'Ban the Box' helps former incarcerated veterans get job interviews

KANSAS CITY, Mo. - Thousands of veterans now have one less hurdle to cross when applying for a job this year. Kansas City, Mo., banned employers from asking about a person's criminal history on job applications.

Kansas City removed the box earlier this year; Target just recently did the same.

Herbert Green served four years in the army and a few years later, he served five years in prison.

"Most people don't want to give felons a second chance," he said.

Eileen Bobowski with Catholic Charities of Kansas City - St. Joseph's Turnaround Program knows it happens all the time.

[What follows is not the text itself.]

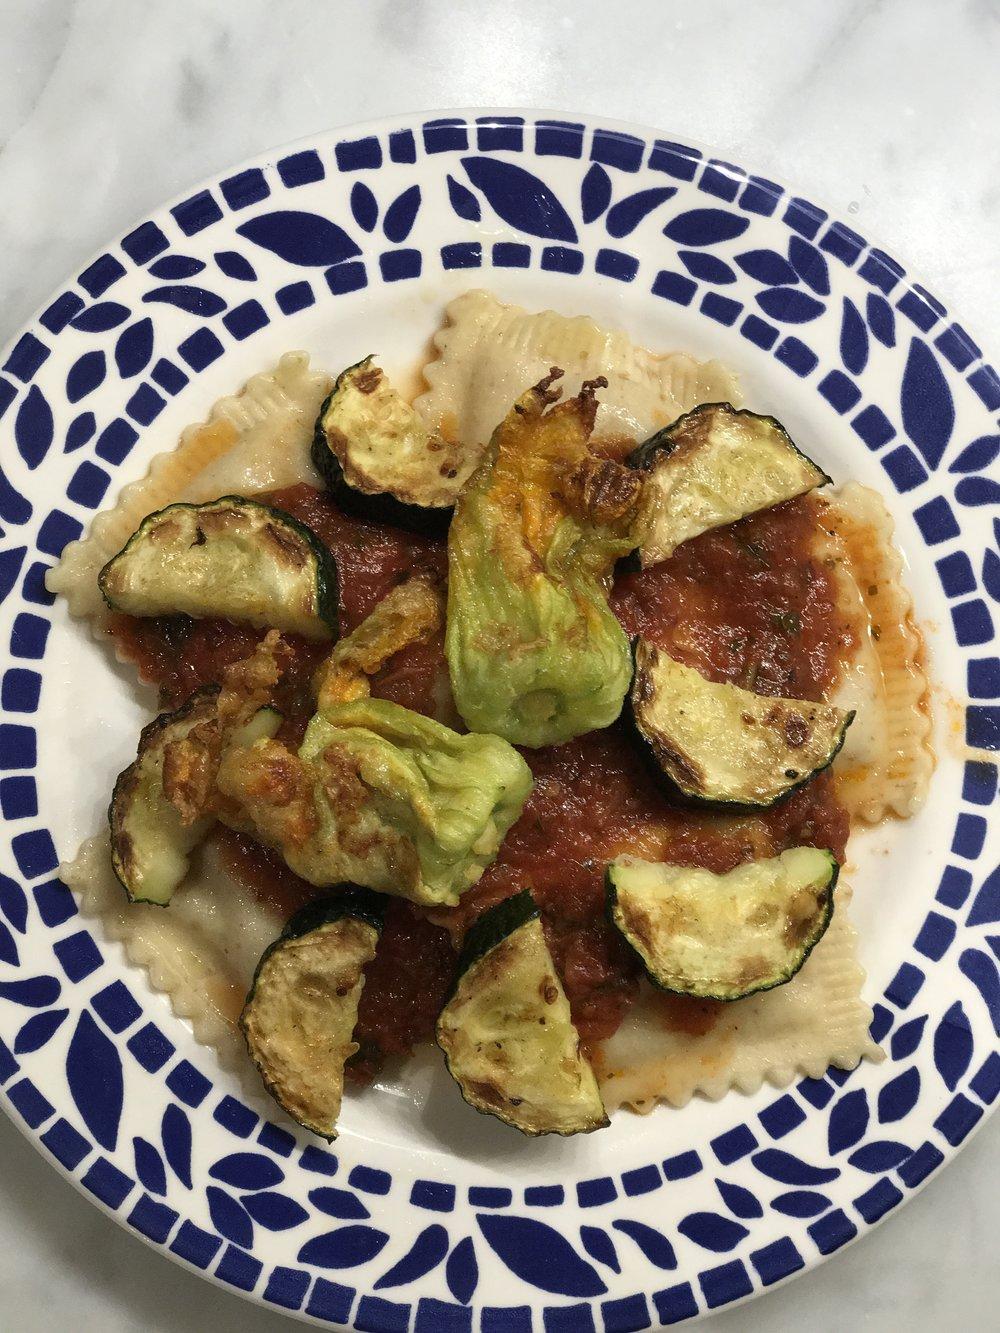 Fried zucchini flowers, zucchini, & our Red Gravy  (feat. Zucchini alla Parmigiana Ravioli)

"In order to be reacclimated to the community, it's very important for them to find work. That's our number one goal," Bobowski said.

Within 24 hours of getting out of jail felons arrive at the Turnaround Program. The program provides clothes, access to a food pantry and even personal hygiene items. But it doesn't stop there; landing a job for the offender is goal one with job training.

"Through their program, they gave me an opportunity to get some extensive job training," Green said. "We all make mistakes in life and everyone deserves a second chance to start over."

The U.S. Department of Justice reports in 2004, 10 percent of inmates reported serving time in the military. That number might sound like a lot, but the report also says 10 percent is actually down from 12 percent in 1997.